Поле социальной напряженности возникает прежде всего между «мещанкой» вдовой Поггенпуль и ее пятью детьми, каждый из которых олицетворяет свою грань сословного самосознания — тут и прямолинейная туповатая гордость, предмет которой — дворянское происхождение и героизм предков (один из них изображен в нижнем белье и «без сапог» в сцене ночного нападения австрийцев на прусский лагерь в 1758 г. — VII, 321), мечты о «Цорндорфе грядущего» (слова Мольтке. — VII, 320), т. е. о победе над русскими, — тут и самое ироничное отношение к теряющим вес дворянским привилегиям, и спокойное принятие наступающей и берущей верх буржуазной эпохи. Мир и добросогласие царят в семействе, но генеалогические линии не срастаются, а искрят[486]. В романах Фонтане темы и проблемы не формулируются, — они в обыденной несущественности житейских разговоров обретают свою осязаемую прочность и получают тысячу оттенков. Реальность Берлина (большинство романов Фонтане — «берлинские») становится полифункциональным средством характеристики. По-своему, в своем натуралистически предопределенном материале, Фонтане целенаправленно строит густую сеть отношений, что, с одной стороны, напоминает «густоту» таких произведений, как «Избирательные сродства» Гете, а с другой стороны, никогда не достигает системности и универсальности, созданной в этом романе Гете, поскольку это противоречило бы «естественности», внешней непреднамеренности романа, вольности его композиции. Прежде всего такая густота связей и отношений характерна для последних произведений Фонтане — «Поггенпулей» и «Штехлина». Их композиция — функция от их «натуральности» — эту натуральность обращает в свою противоположность, свободу формы — в формальную завершенность, которая, однако, продолжает оставаться неуловимой, остается формой внутренней. Фонтане членит бессюжетность этих последних романов, сопоставляя друг с другом разделы, объединенные внутренним настроением, чувством, словно разделы музыкальной формы. Это высшее достижение Фонтане, его стиля, но, конечно, такие соотношения труднодоступны «измерению» и вообще трудны для анализа, — таково последнее превращение, которое претерпевает «натуральная» действительность у Фонтане.
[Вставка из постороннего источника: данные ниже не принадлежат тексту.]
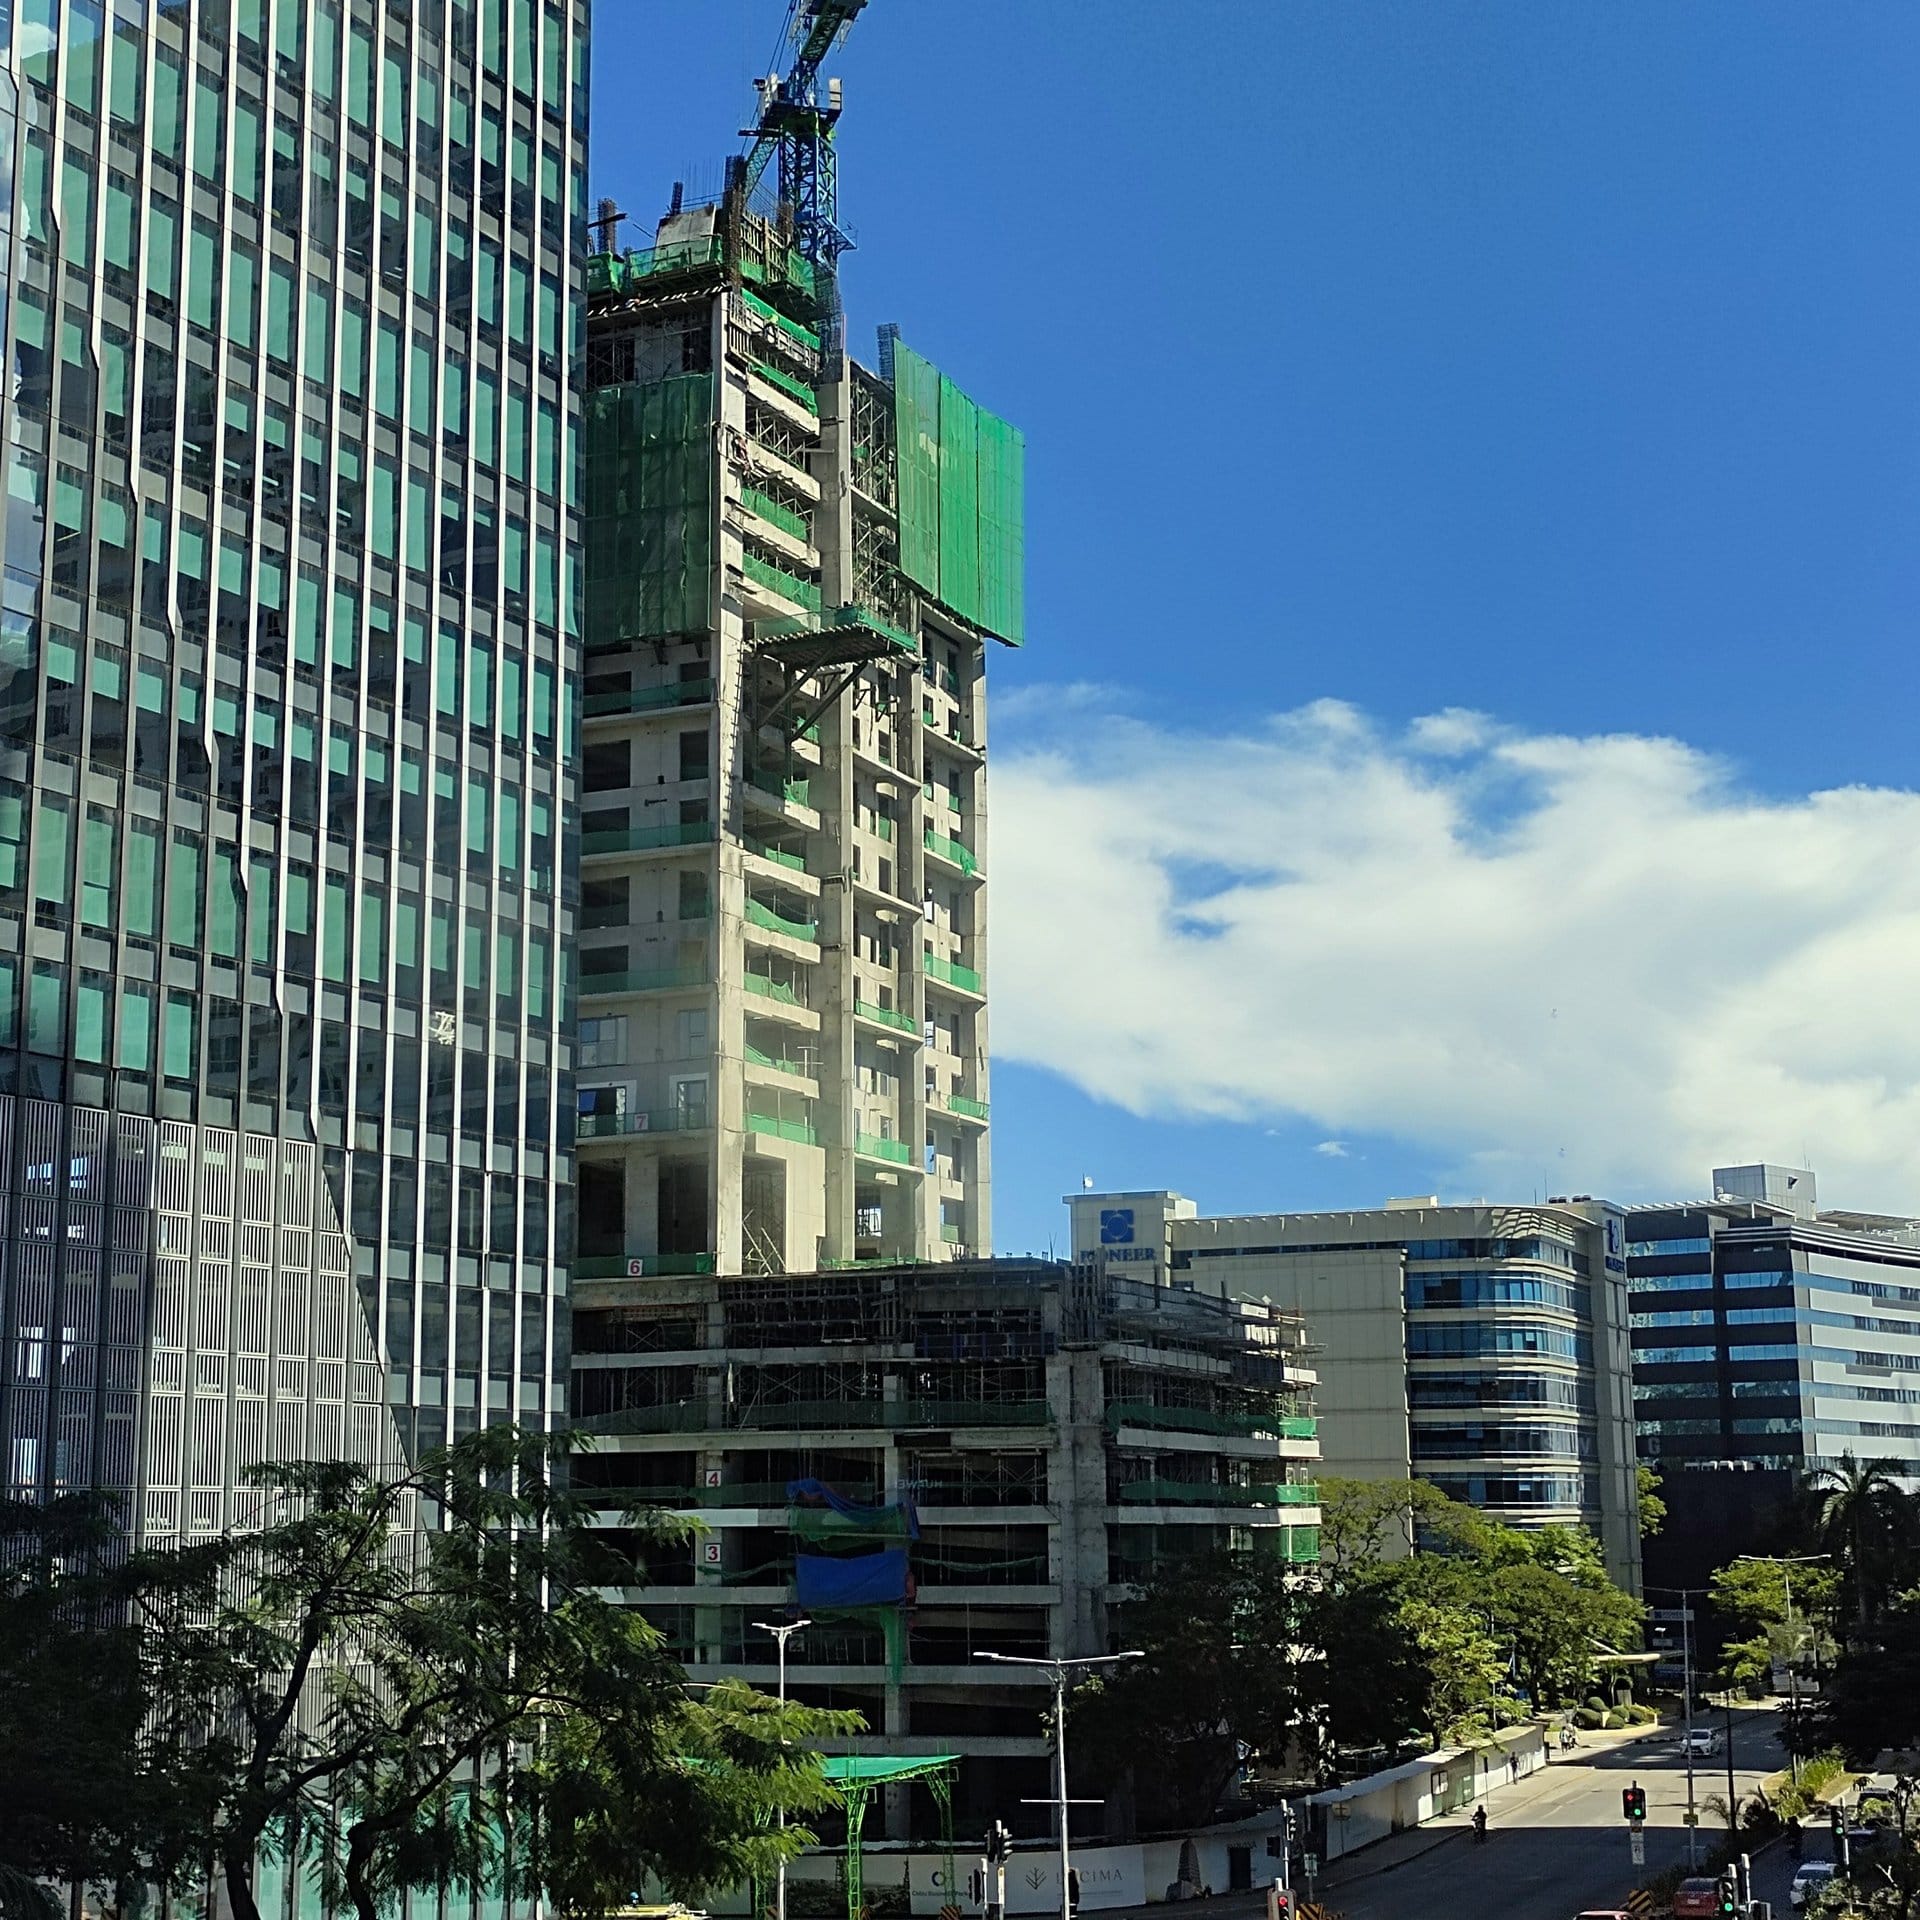 lucima residences, condominium for sale in cebu business park

С того самого момента, который оказывается роковым для судьбы «локальных романов», начинается долгий и сложный путь стилистического преобразования мира у Фонтане. «Мёринги жили на Георгенштрассе 19, совсем рядом с Фридрихштрассе» (VII, 419), — начало ряда реального и начало ряда ассоциативного, начало тех осмыслений, что, словно подголоски и переплетающиеся линии, окружают реалии романов Фонтане. Смысл действительности заключен, согласно Фонтане, в самой этой непосредственной действительности.

4

Объективизм Фонтане характеризуется тем, что действительность берется им «с середины». За этим обстоятельством скрывается много исторически-определенных мотивов.
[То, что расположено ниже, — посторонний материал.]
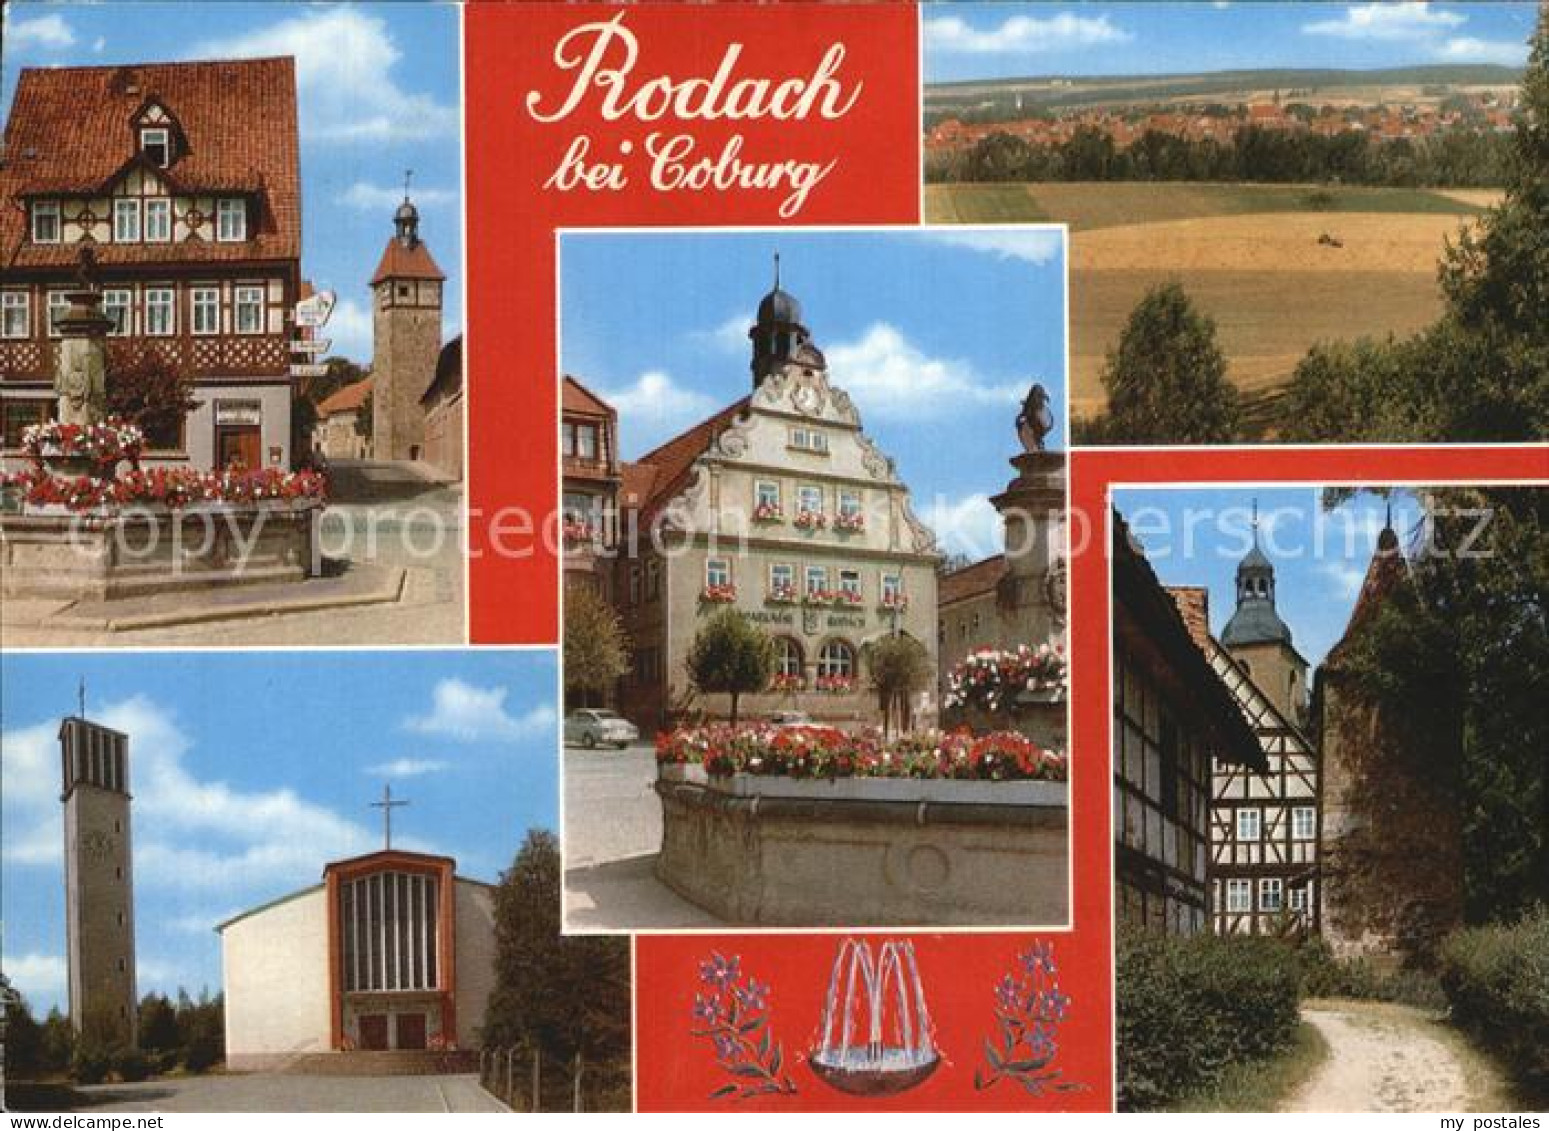 72462028 Rodach Coburg Thermalquelle Rodach Coburg - Bad Rodach

Для последовательного реалиста срединные слои общества по своему социальному положению, по своим привычкам и психологии таковы, что заведомо гарантируют типичность изображенного. Развитие Фонтане вело от всего слишком исключительного, выдающегося и экстравагантного к общераспространенному, даже малозаметному. Фонтане со временем стал резко отмежевываться от романических фабул, что давалось ему нелегко. Его последние романы изображают пласты состояний, а не движение вперед. Лирическая бессюжетность прозы сближает старика Фонтане и позднего Чехова. Бесцветного, серого Фонтане не выносил, но опубликованный посмертно роман «Матильда Мёринг» рисует энергичную женщину, все поступки которой продиктованы тем, что она до конца сроднилась с серой пошлостью жизни. Романы Фонтане просматривают все социальное строение общества от середины, — отсюда можно изредка подниматься к социальным верхам и иногда спускаться к социальным низам. Старинная сословная иерархия сталкивается с буржуазной логикой богатства и бедности. Бедные и «средне-богатые» дворяне и бедные и «средне-богатые» мещане — это те люди для Фонтане, которые везут на себе груз жизни — как «все» — и обладают при том именно той, а не большей степенью свободы, какую дает людям жизнь в целом и жизнь вообще. Типично соразмерение радостей и горестей в их жизни; можно иронизировать по поводу мелкой ограниченности их бытия, но нельзя не сочувствовать им. Все сочное, насыщенное, талантливо-яркое, что Фонтане видит в этих людях, он разрабатывает тщательно — любой проблеск таланта к переживанию жизненной полноты.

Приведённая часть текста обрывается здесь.